# Task objective:
Would you transcribe the whole listing exactly, minus its pictures?

# Source data:

.....

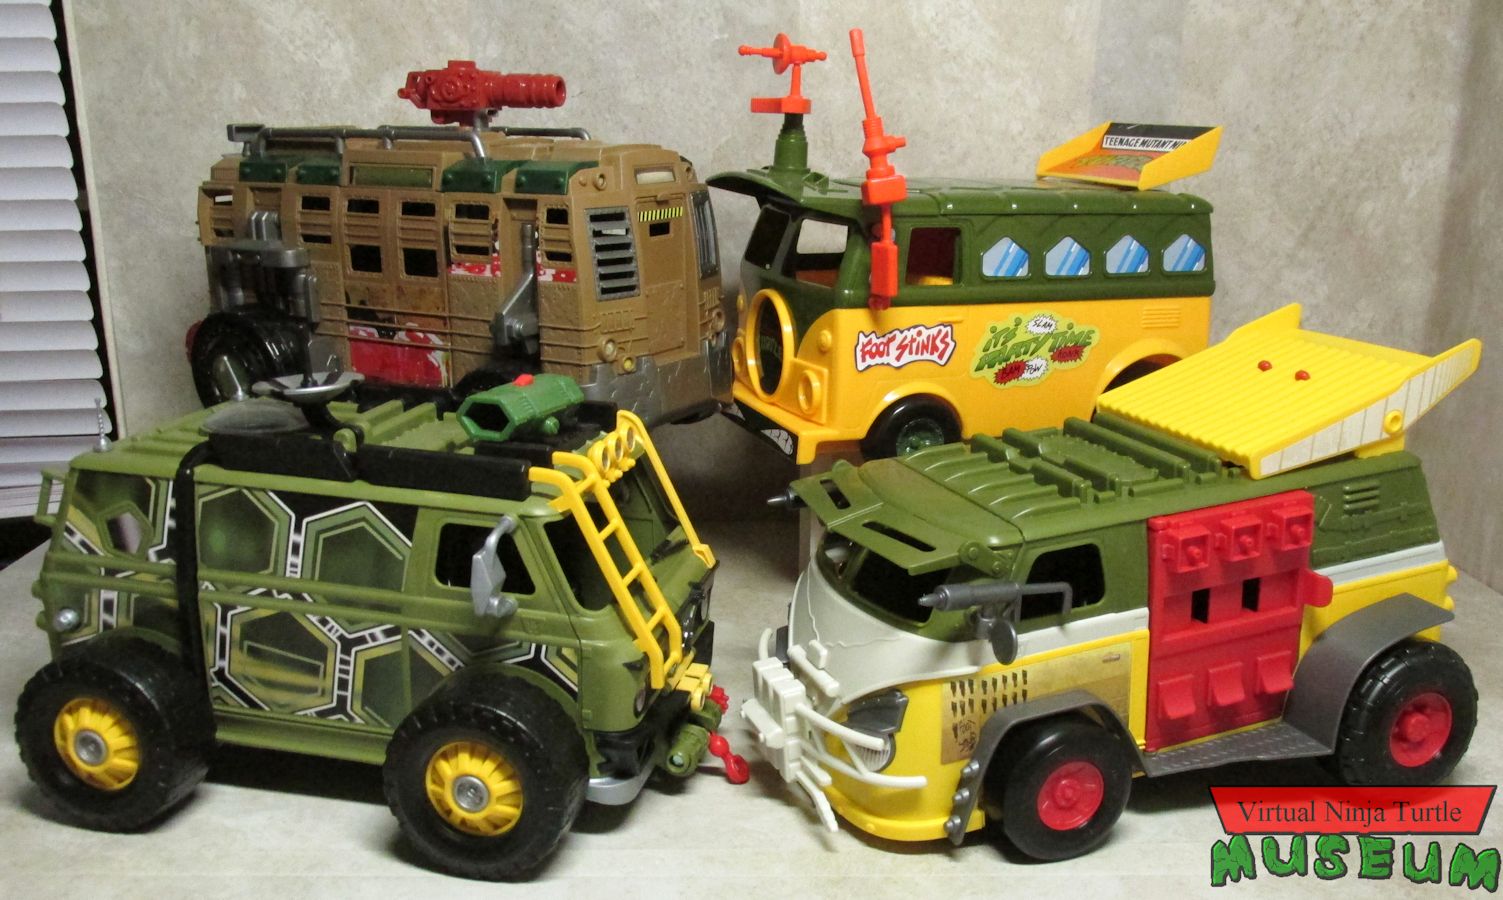 Party Wagon, Assault Van, Shellraiser and Turtle Van
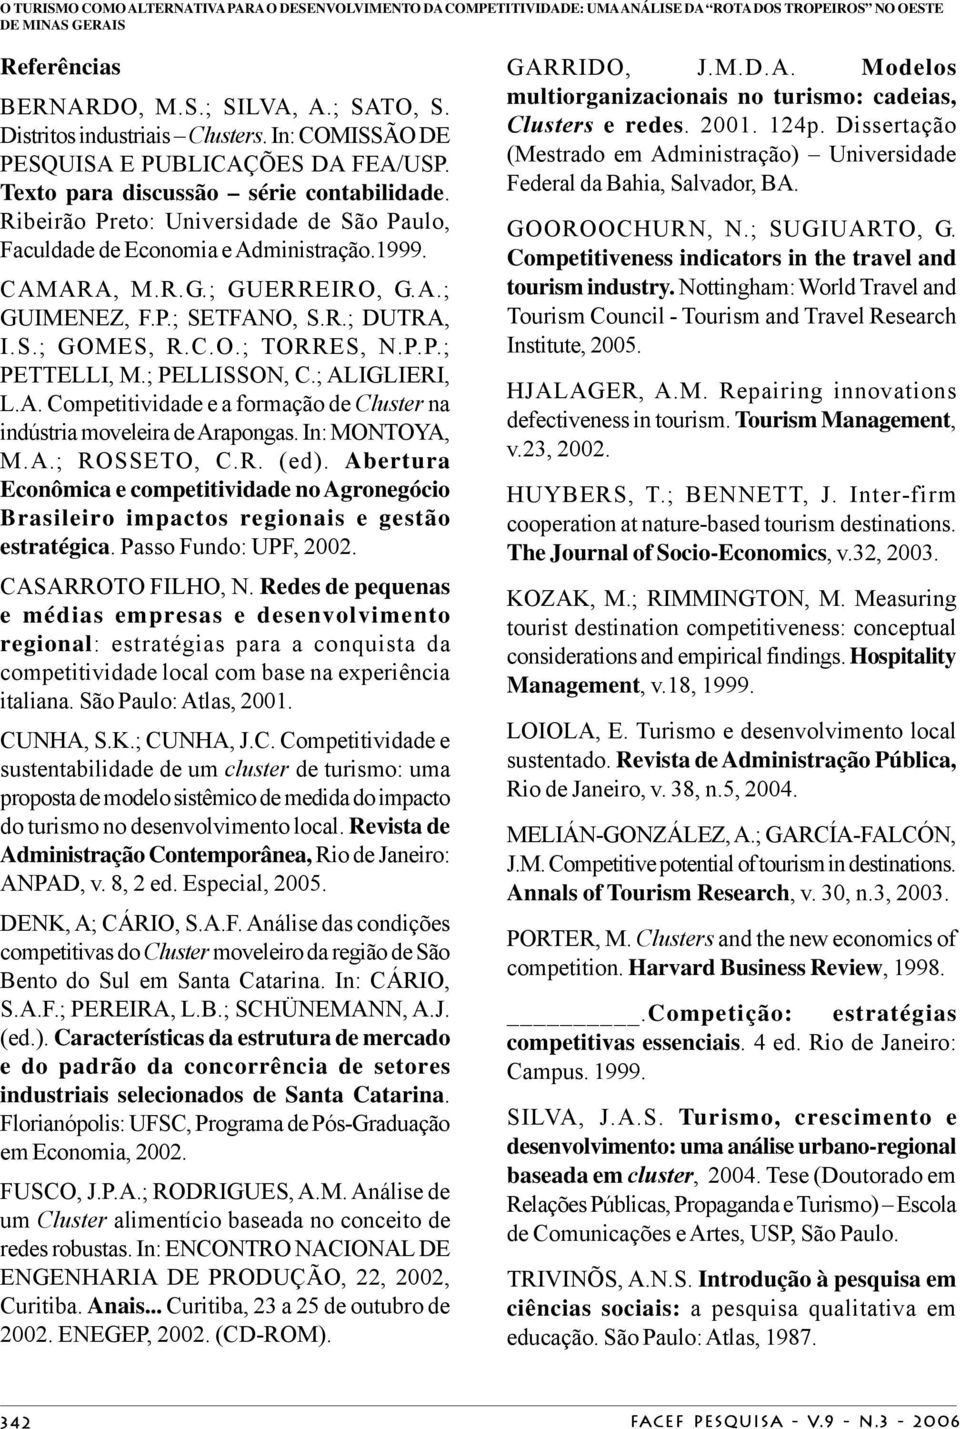 A.; GUMENEZ, F.P.; SETFANO, S.R.; DUTRA,.S.; GOMES, R.C.O.; TORRES, N.P.P.; PETTELL, M.; PELLSSON, C.; ALGLER, L.A. Cometitividade e a formação de Cluster na indústria moveleira de Araongas.
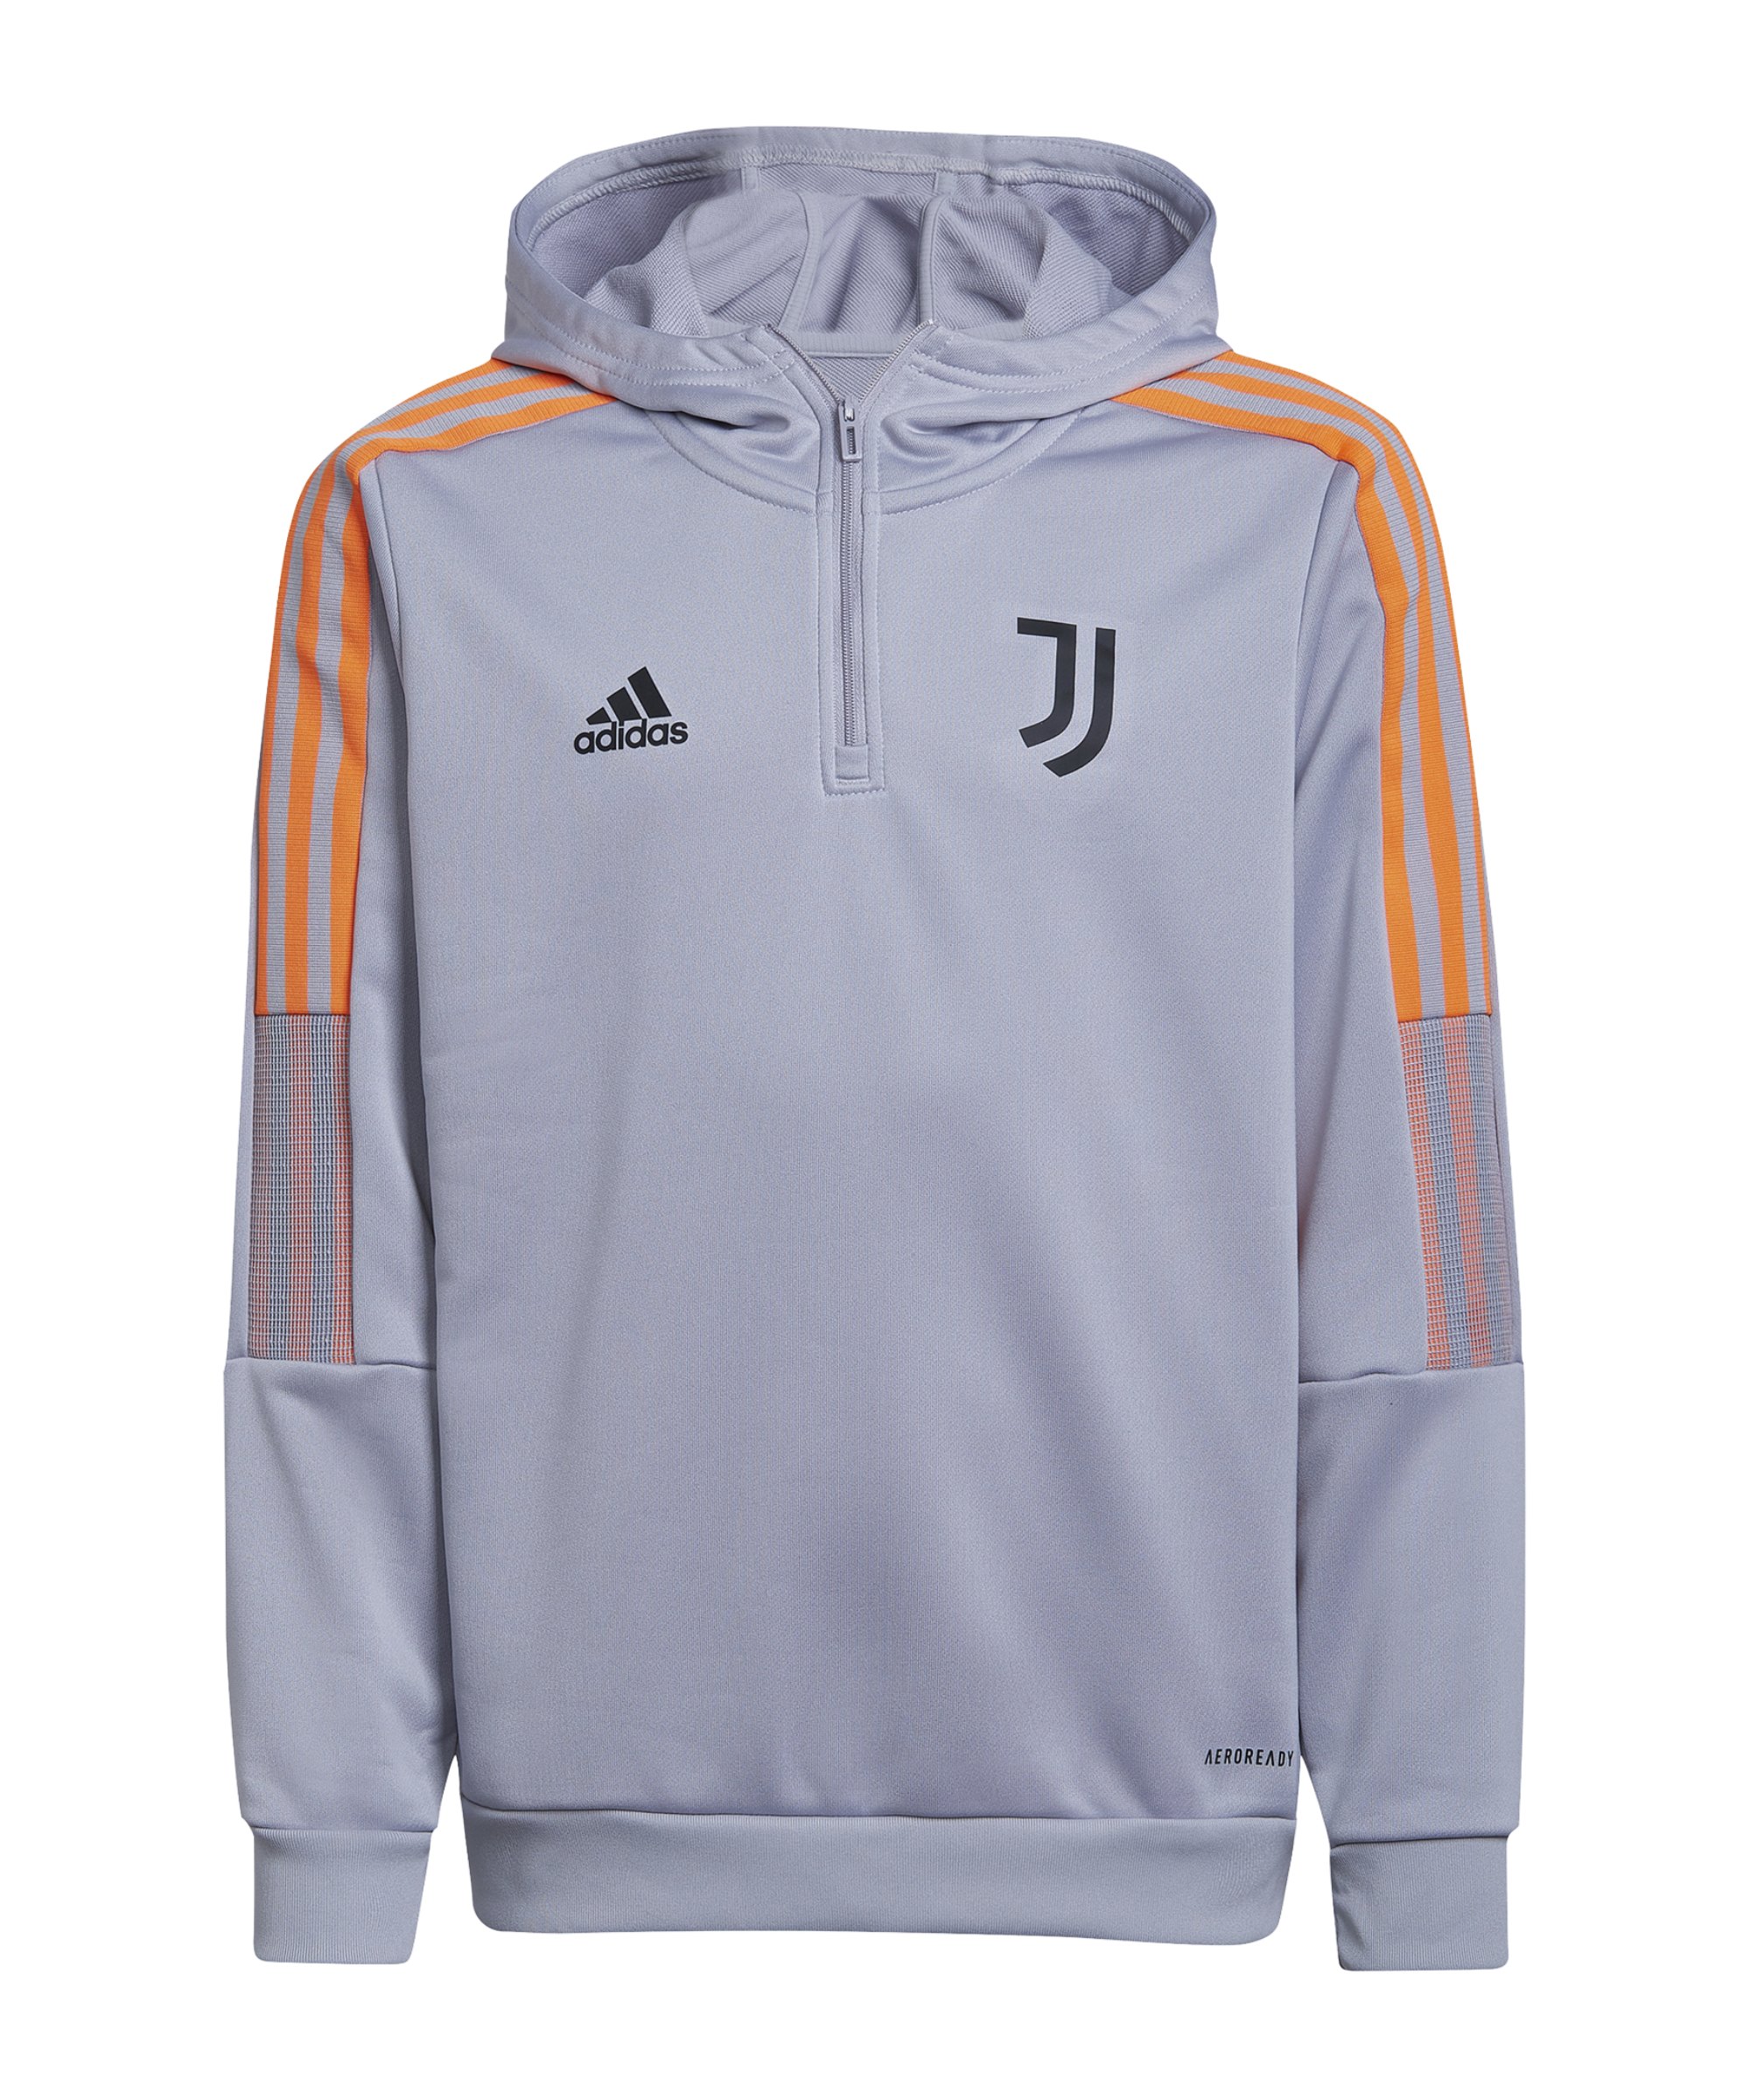 adidas Juventus Turin HalfZip Hoody Kids Grau - grau
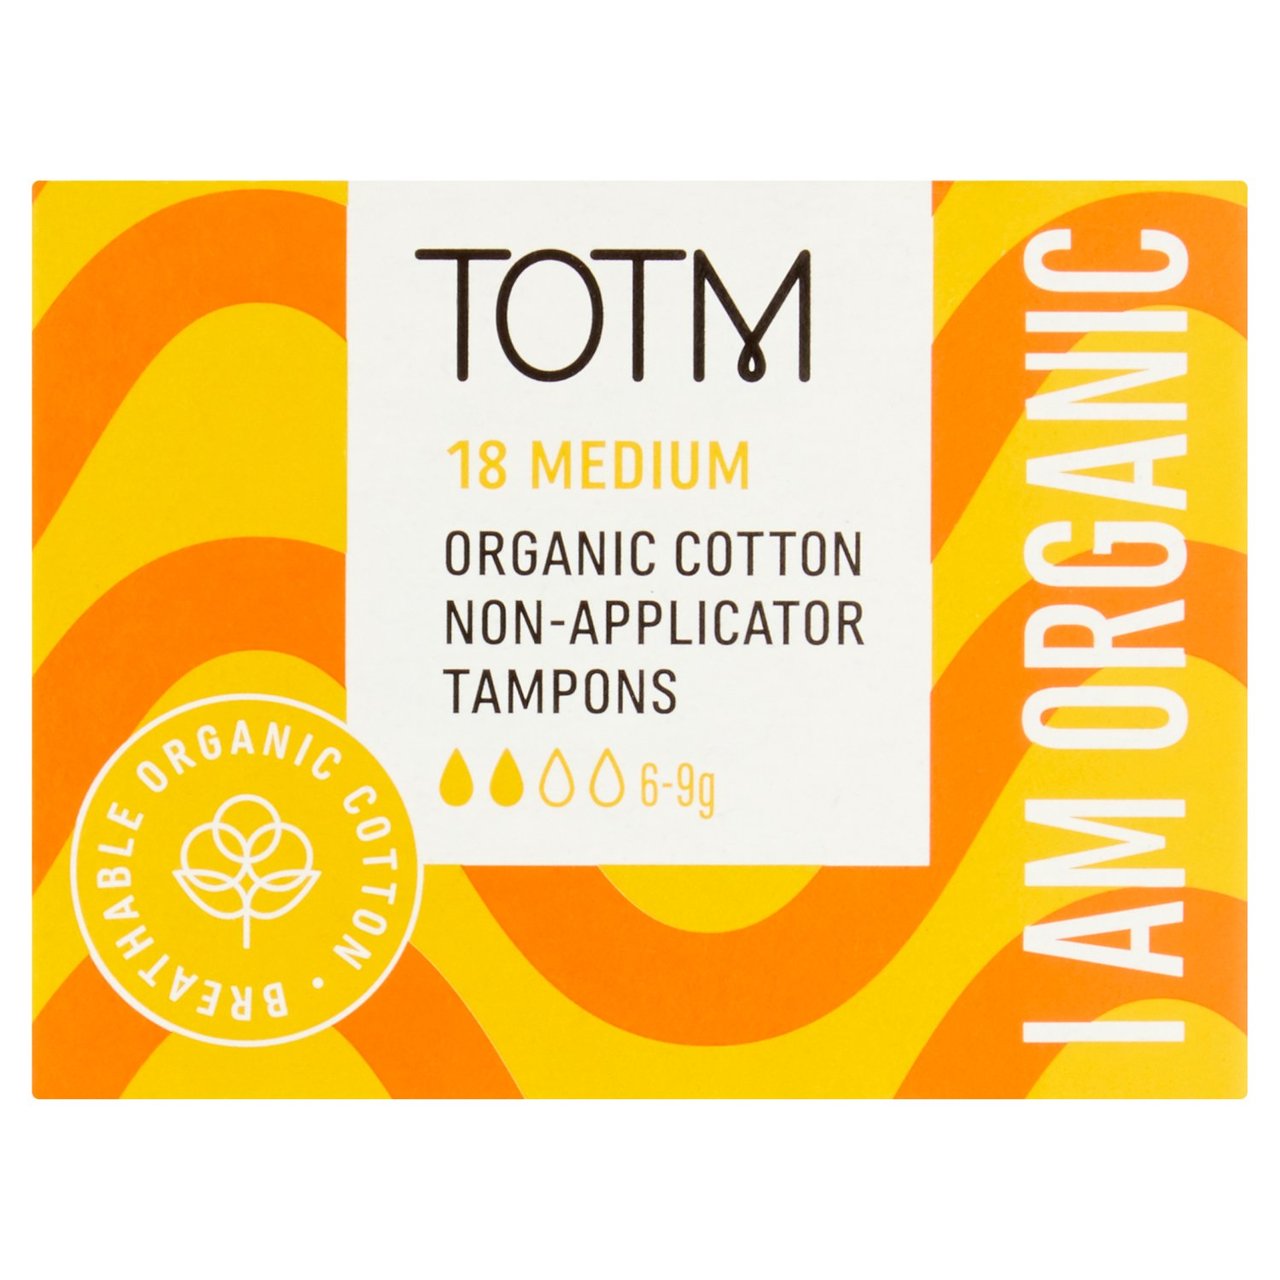 TOTM Organic Cotton Non-Applicator Tampons Medium 18 per pack

.....

# Problem solution:
 Party Wagon, Assault Van, Shellraiser and Turtle Van
 A.; GUMENEZ, F.P.; SETFANO, S.R.; DUTRA,.S.; GOMES, R.C.O.; TORRES, N.P.P.; PETTELL, M.; PELLSSON, C.; ALGLER, L.A. Cometitividade e a formação de Cluster na indústria moveleira de Araongas.
 adidas Juventus Turin HalfZip Hoody Kids Grau - grau
 TOTM Organic Cotton Non-Applicator Tampons Medium 18 per pack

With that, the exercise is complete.